== Task details ==
Print each line below verbatim, skipping every picture.

== Given data ==
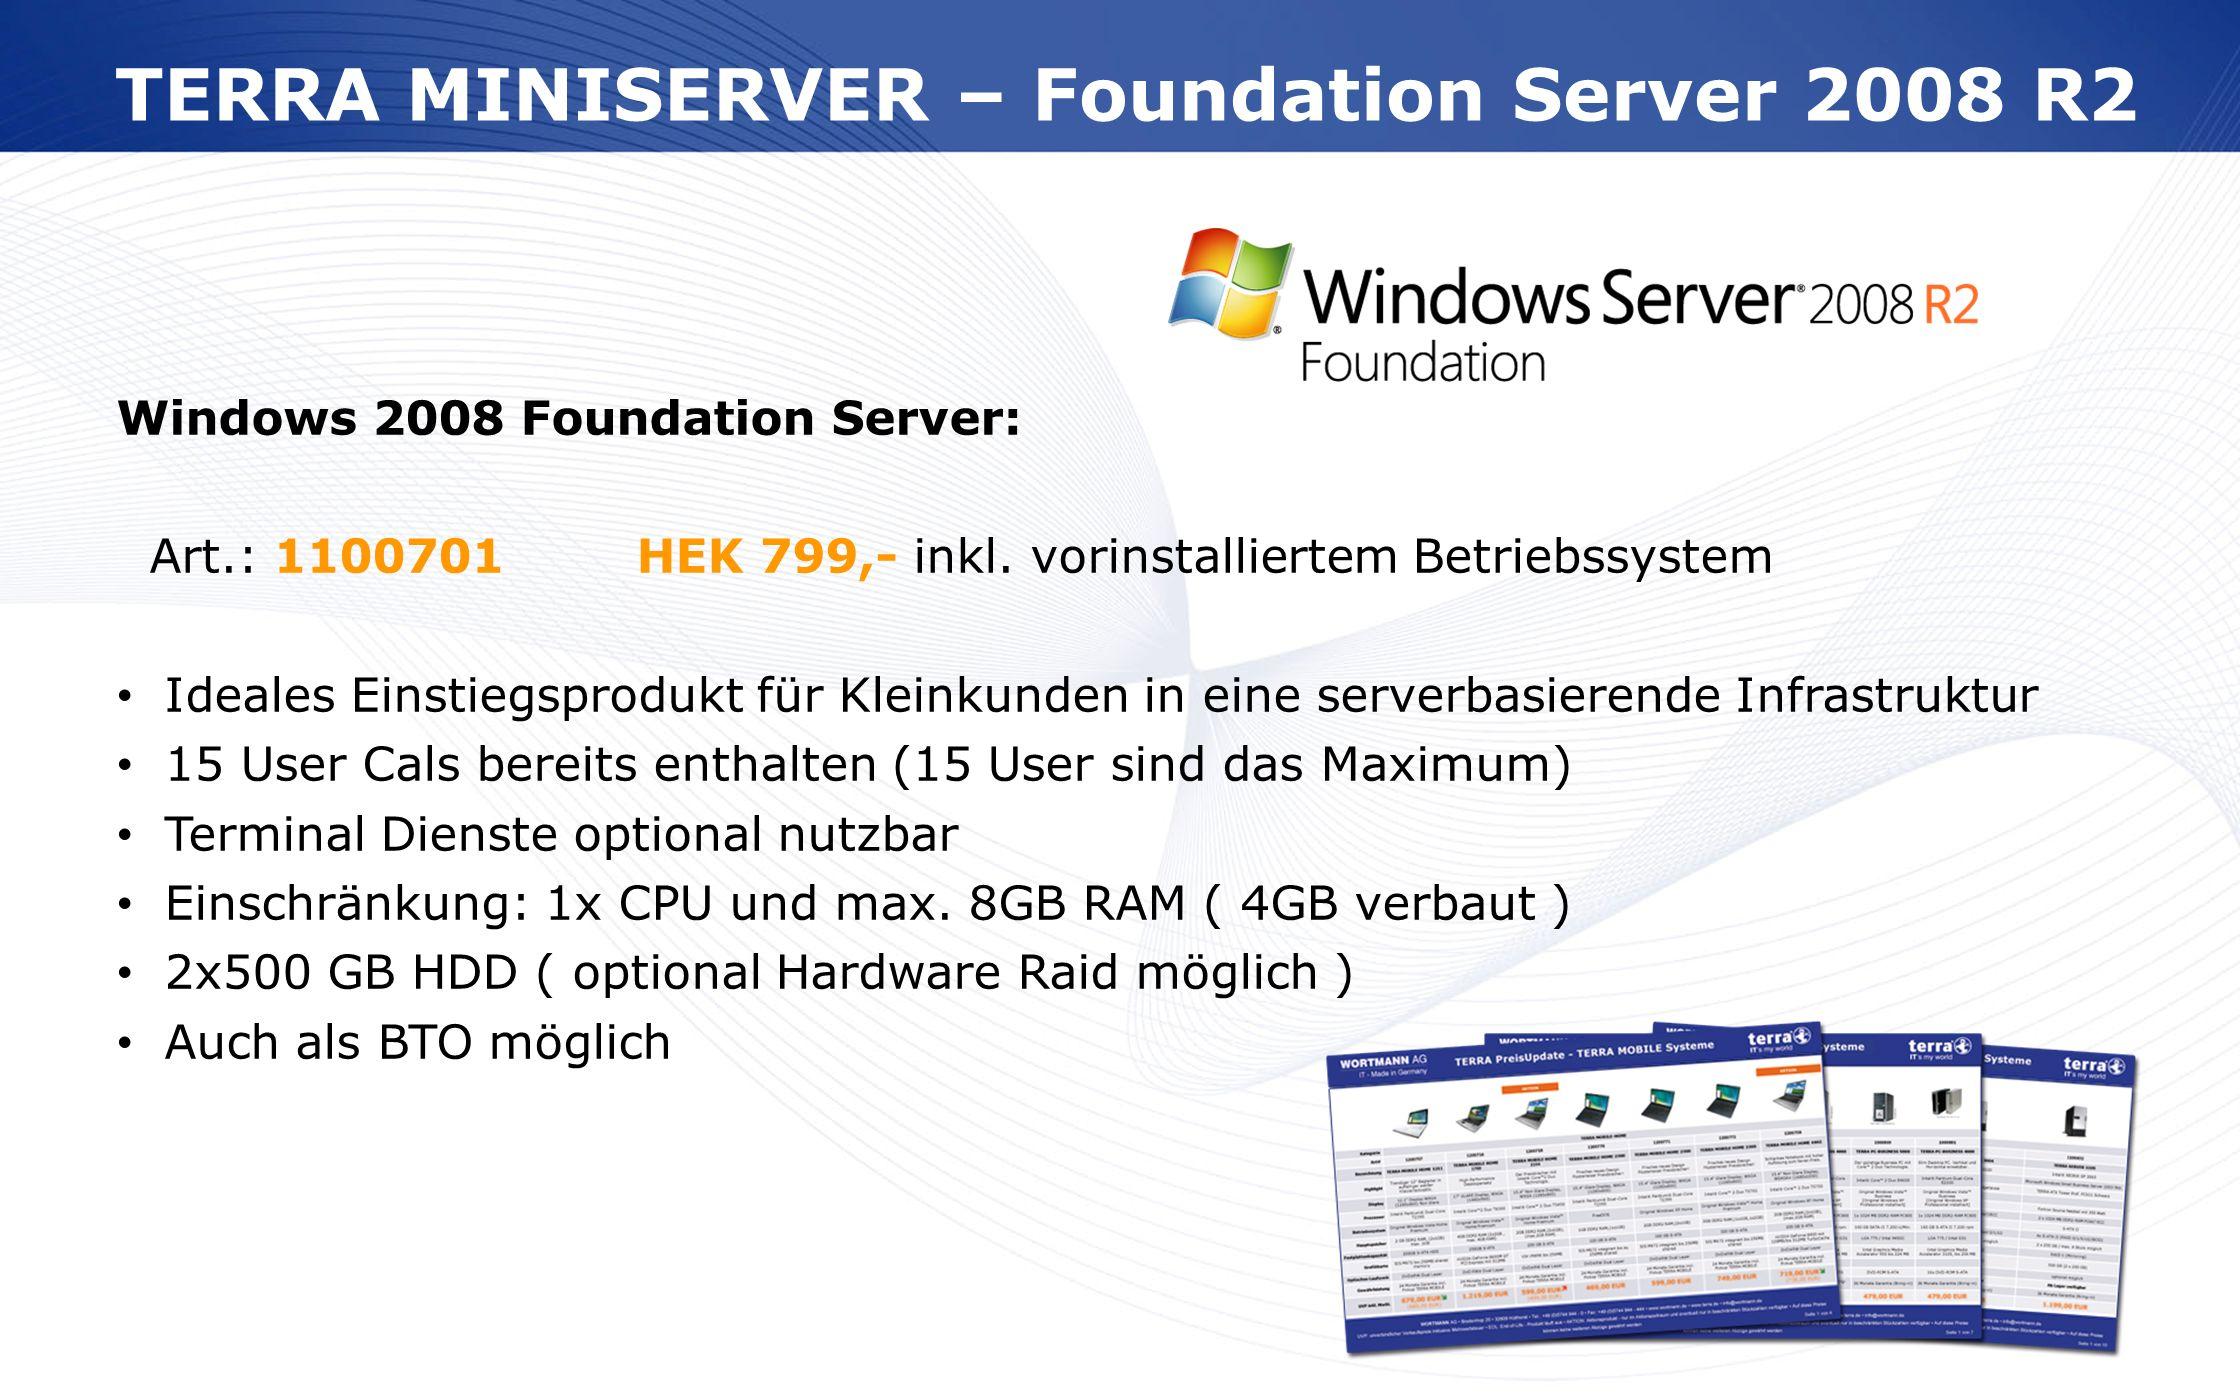 TERRA MINISERVER – Foundation Server 2008 R2
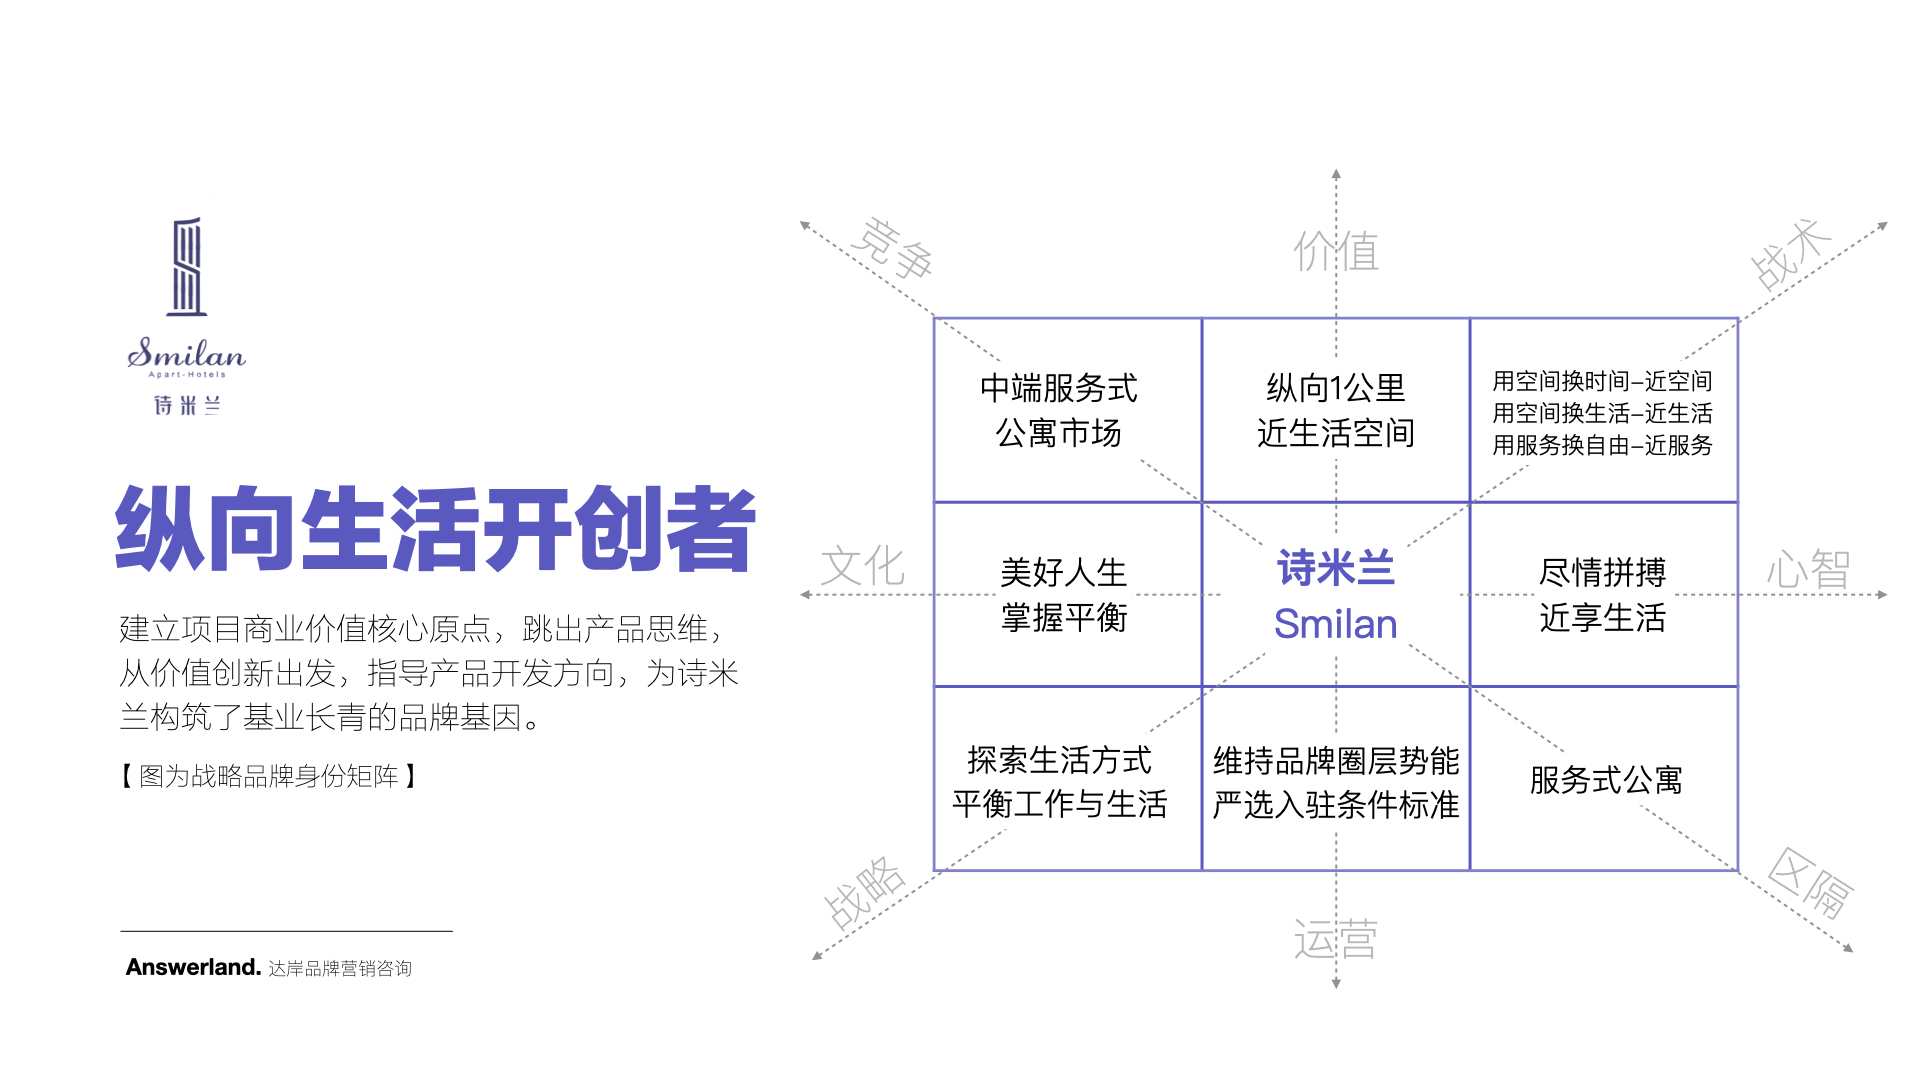 【公司-企业介绍】达岸品牌营销20200526.012
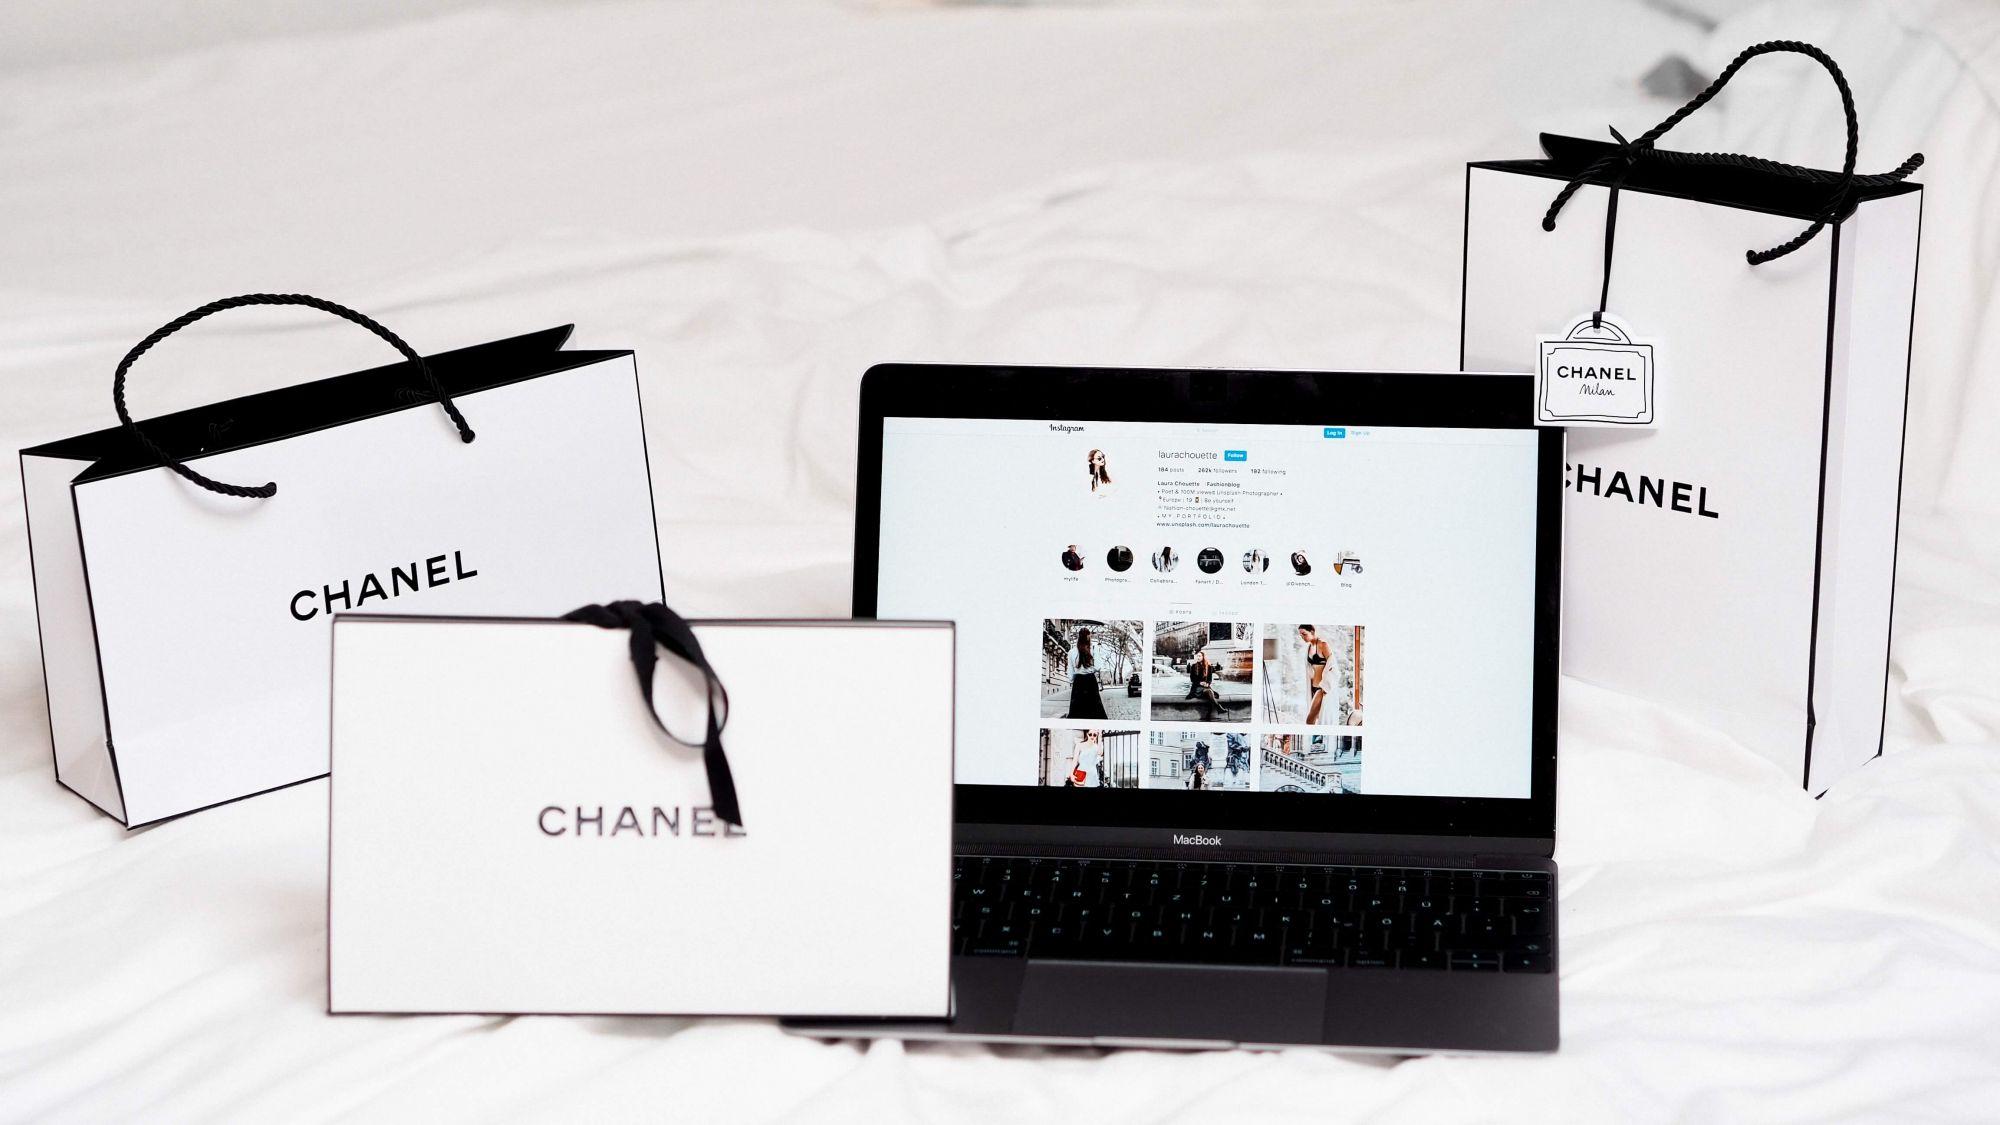 איך להגדיל את כמות הקניות באתר
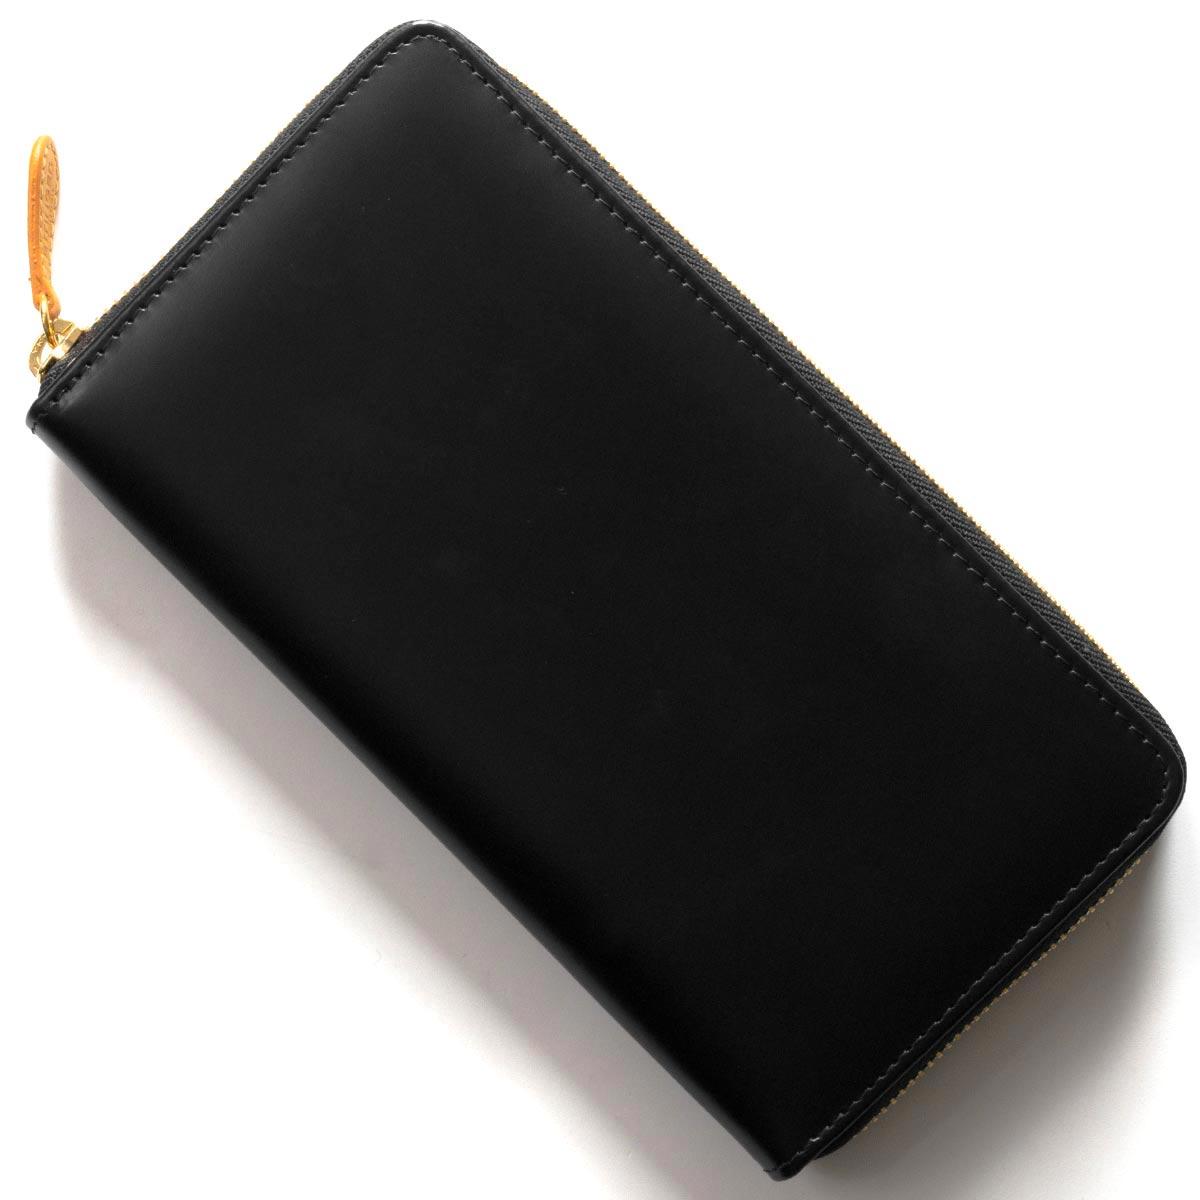 エッティンガー 長財布 財布 メンズ ブライドル ブラック&パネルハイドイエロー 2051EJR BH BLACK ETTINGER

== Result of this task ==
 TERRA MINISERVER – Foundation Server 2008 R2
 【公司-企业介绍】达岸品牌营销20200526.012
 איך להגדיל את כמות הקניות באתר
 エッティンガー 長財布 財布 メンズ ブライドル ブラック&パネルハイドイエロー 2051EJR BH BLACK ETTINGER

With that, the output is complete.